A Texas voice
A title is important in that it needs to give some idea of what the book is about, and it helps to be catchy. One that I'll always remember was the book that introduced me to the nowdeceased columnist Lewis Grizzard. This book was compiled after he underwent a multiple-bypass surgery. The selected columns were about his heart problems and his relationship roller coasters. The book was titled, "They Tore Out My Heart and Stomped That Sucker Flat."

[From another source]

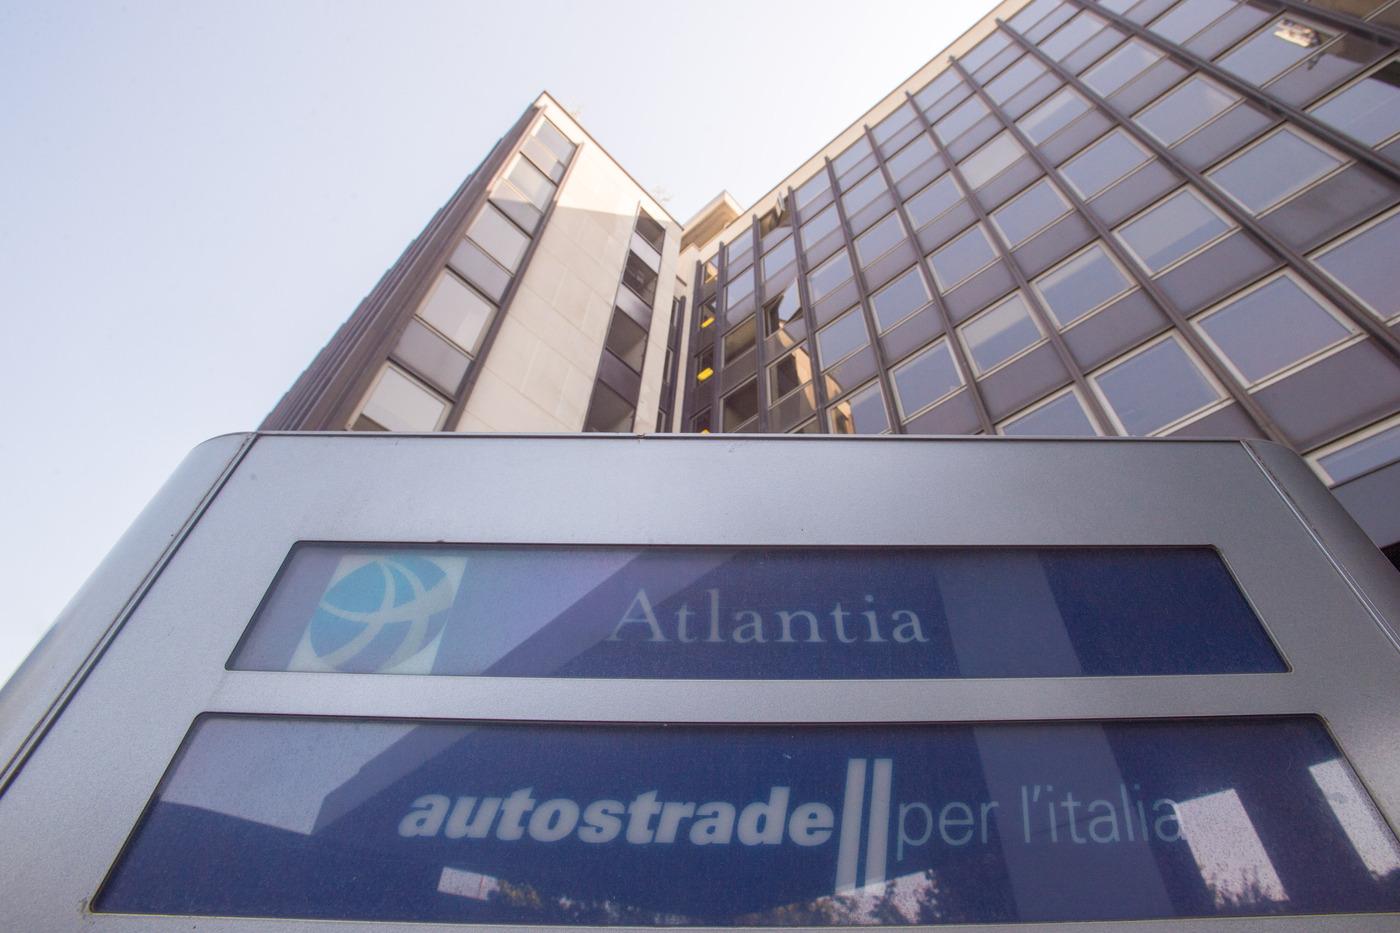 CdP e i fondi Macquarie e Blackstone: pronta l'offerta per l'88% di Atlantia in Autostrade

I was walking the beach one morning, considering the evolution of my column. It's not that I started out with the intent of forming such an open relationship with readers; it just happened. I learned that people wanted to hear that others have the same thoughts, challenges, joys and thrills as they have. I titled the book, "I Would Ask You In, But You Already Are," suggesting that there was just such an open-door policy between columnist and reader.
That is usually rather true. You, the reader, usually know the main, current storyline of my life. And my wife and daughter were dragged along, both with unbelievable patience. My daughter was born on a Sunday, and a column on Tuesday announced it. I backed off about her boyfriends and such, but I had to tell you all about her wedding in Luckenbach. She warned Zack before they married, and he seemed willing to accept me as part of the deal.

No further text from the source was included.